The Discipleship Spiral: Doing to learn, and learning to do.
Some of you will be familiar with Grant Osborne’s work, The Hermeneutical Spiral. For those of you who are not, hermeneutics is the fancy name for interpreting the Bible, and Osborne wrote a book where he compared the process of interpretation to a spiral. The reader spirals back and forth from the text of Scripture to the context of everyday life, examining each in light of the other and spiraling upward to clearer and clearer understanding of both.
Discipleship works the same way.
In 1984, an educational scholar named David Kolb published a theory about how people learn. His goal was to highlight the extreme significance of experience in learning. Kolb claims that people learn through acquiring new concepts that are usually abstract in nature but can be applied to real life circumstances. In other words, new knowledge is best gained when abstract concepts can be put into practice. The reason people want to learn, in Kolb’s theory, comes through having new experiences that demonstrate a need for new concepts.
Kolb points out four stages in the learning process that apply nicely to discipleship. He claims people learn by first having a concrete experience. This leads to a need to reflect on that experience followed by the development of new concepts. In order to know if these new concepts are correct, the individual must then experiment or test them through another experience. This process, repeated over and over again, spirals the learner upward through more experiences and better knowledge.
The idea looks something like this:
Think about learning to drive a car. Would anyone ever say they learned to drive by reading that booklet the DMV gives people to study for their license? Of course not. People learn to drive by driving. It is a concrete experience behind the wheel that goes well, or not so well, which causes the new driver to reflect on the process, create new concepts, and apply them the next time. Oh, and we would never put someone behind a wheel with no experience and not have a coach in the passenger seat. That just sounds absurd.

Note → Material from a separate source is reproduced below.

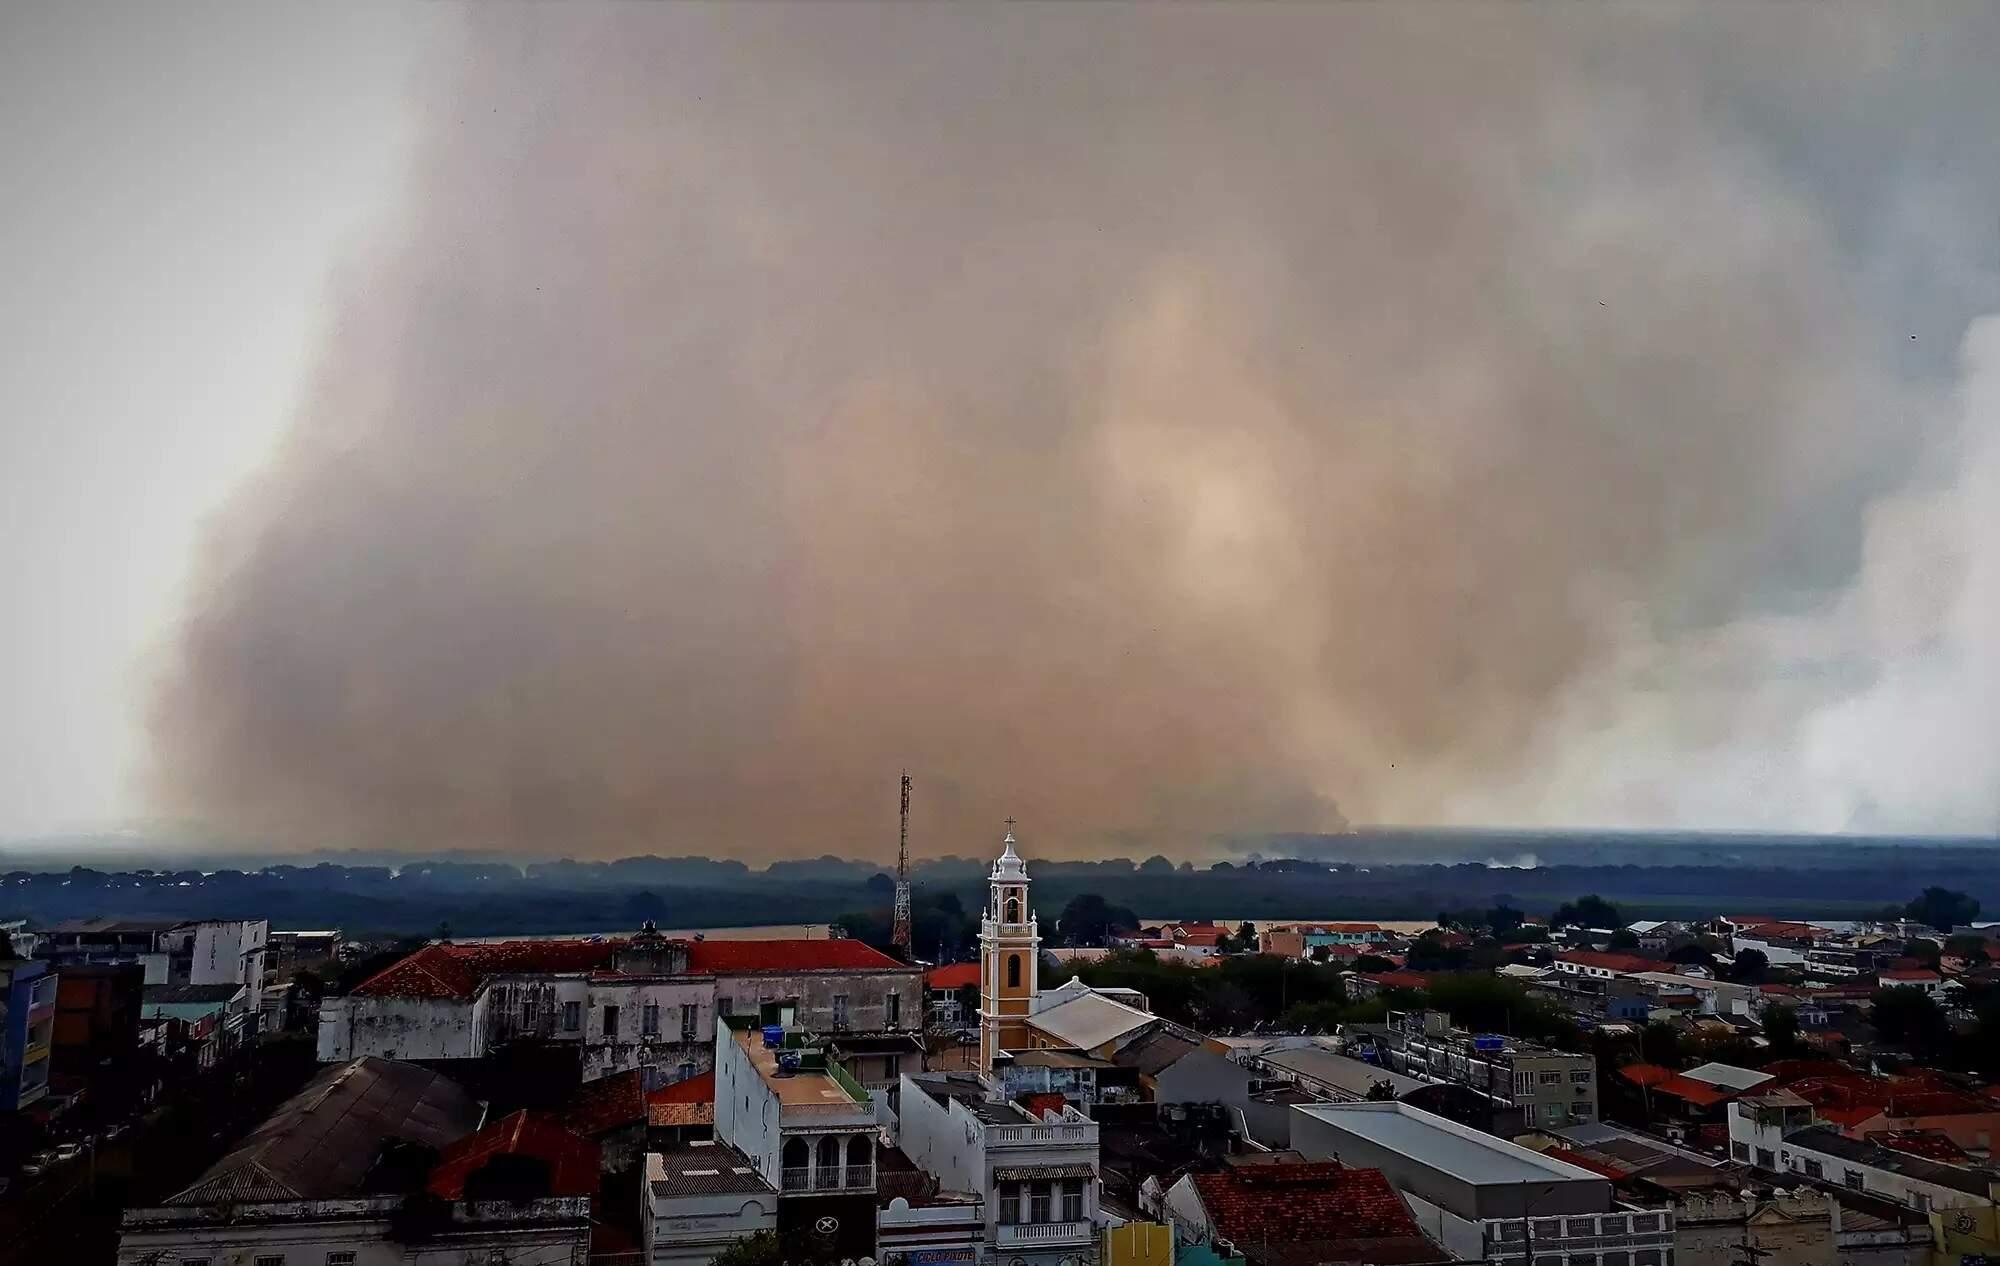 Corumbá, Porto Murtinho e Aquidauana têm 81% dos focos de incêndio em MS -  Cidades - Campo Grande News
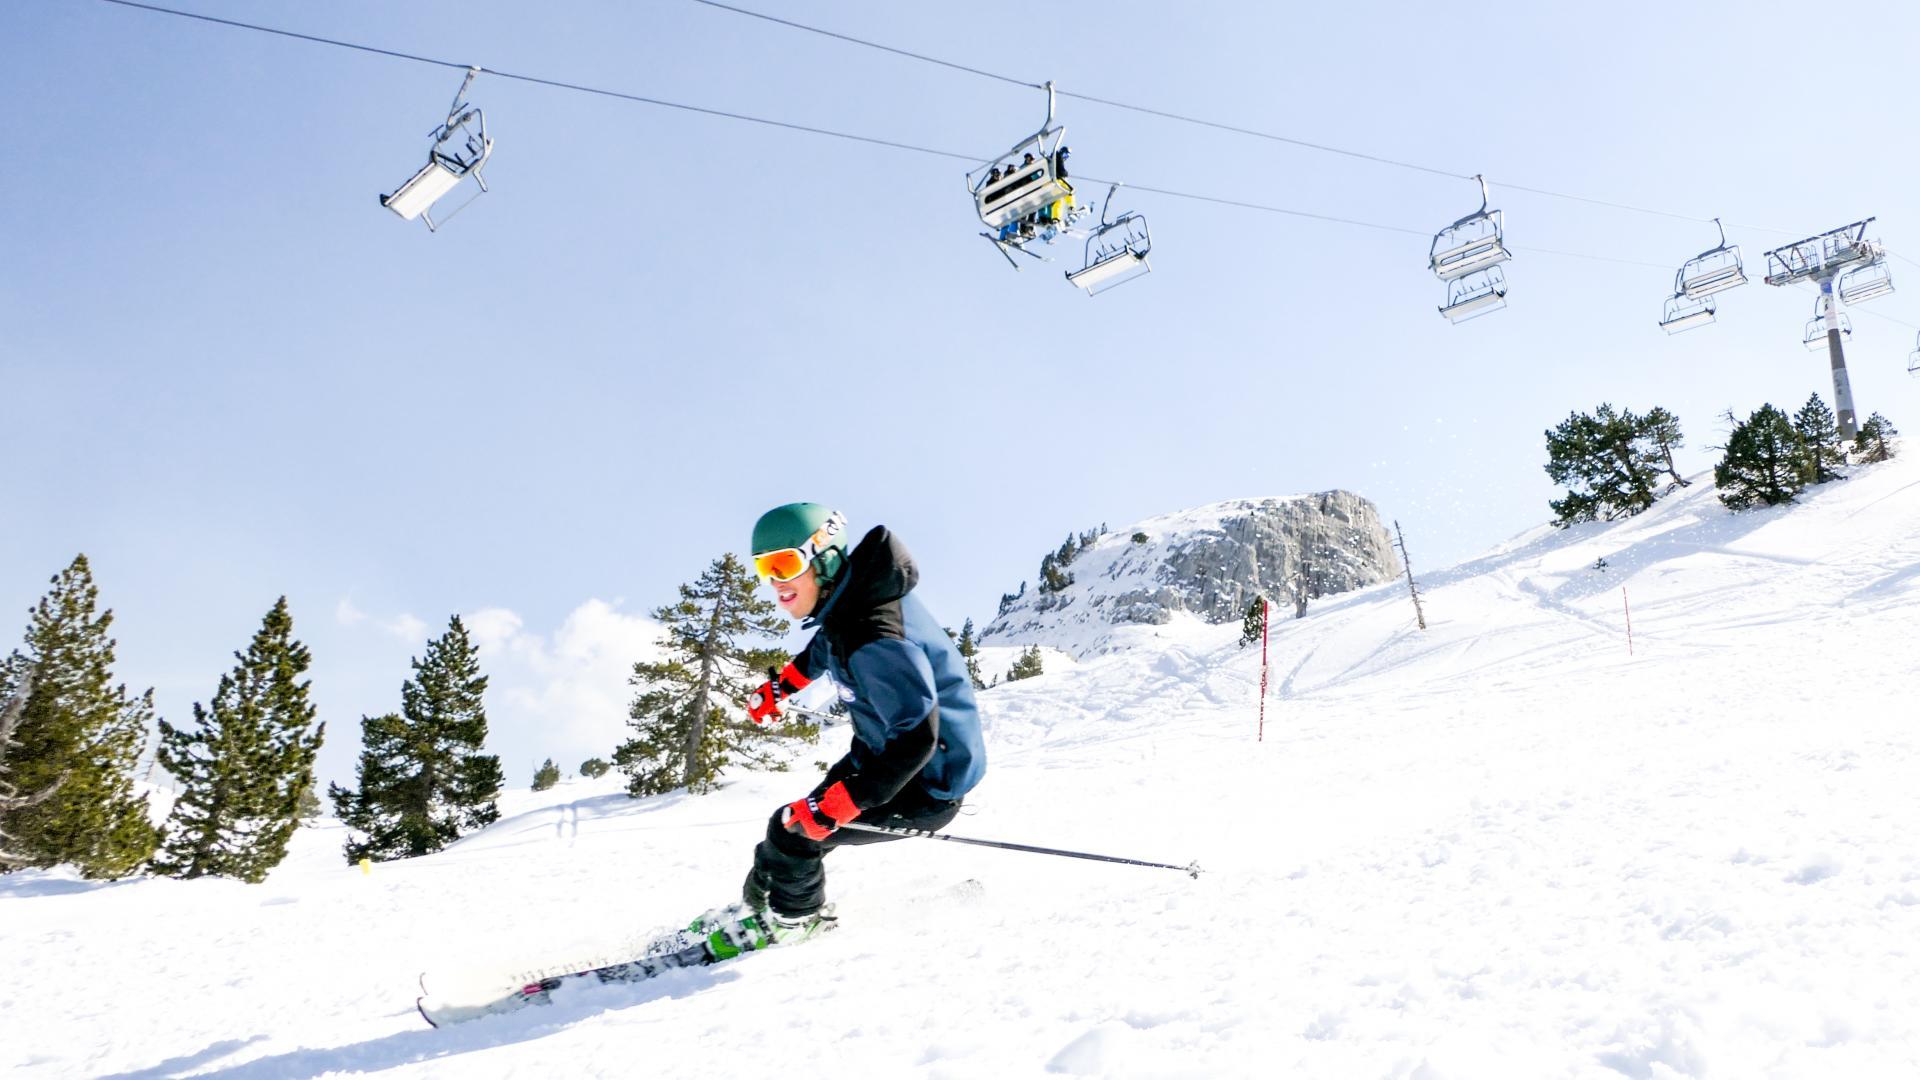 Skieur en descente sous les télésièges à la station de la Pierre Saint-Martin, Pyrénées Béarnaises (neige)

It is process learning. People can hear facts all day in the classroom and leave with little formative change in their life. We have all sat through an hour lecture and left not remembering any of it. This is no less true when it comes to discipleship. When our sole means of discipleship is cognitive instruction, we only focus on the filling of heads, not the changing of lives. If we realize the extreme importance of experiences in the learning process, then discipleship can spiral through life experiences and guided instruction.
Of course, discipleship is more than coffeeshop conversations and small group book studies. Discipleship is a process by which we become more like the person we follow. We fall into his footsteps. It is an active, lifestyle obedience that does not simply know all that Christ has commanded but obeys it as well. Truly, discipleship is being on mission and taking someone with you.
Much can be gleaned from Kolb when it comes to discipleship. His four stages apply well and we could even speak of a discipleship spiral that takes the disciple through increasing levels of experience and knowledge. Our discipleship models must account for experience as instigator and the Holy Spirit (along with Scripture and church) as the tutor.
Think of it like this:
Imagine discipleship that starts not in a Sunday school classroom or at a coffee shop table but through the experience of sharing the gospel with someone or counseling them in godliness. What if the very first thing we did with that young man or woman who asks us to disciple them was to take them to share the gospel? That would turn most discipleship models on their head. Traditionally, we learn first, in a classroom, and then tell our students to go apply what they learned. Some might even do it. But, basing learning on experience would take people out to share their faith (or practice hospitality, generosity, etc.) and then gather together to conceptualize and ultimately get better at the practice.
Practice necessitates instruction, not the other way around. In this model, gone is the idea of learning facts that do not translate into real life practice. Instead, practices determine the concepts that are learned, and what is learned makes the practice better than before.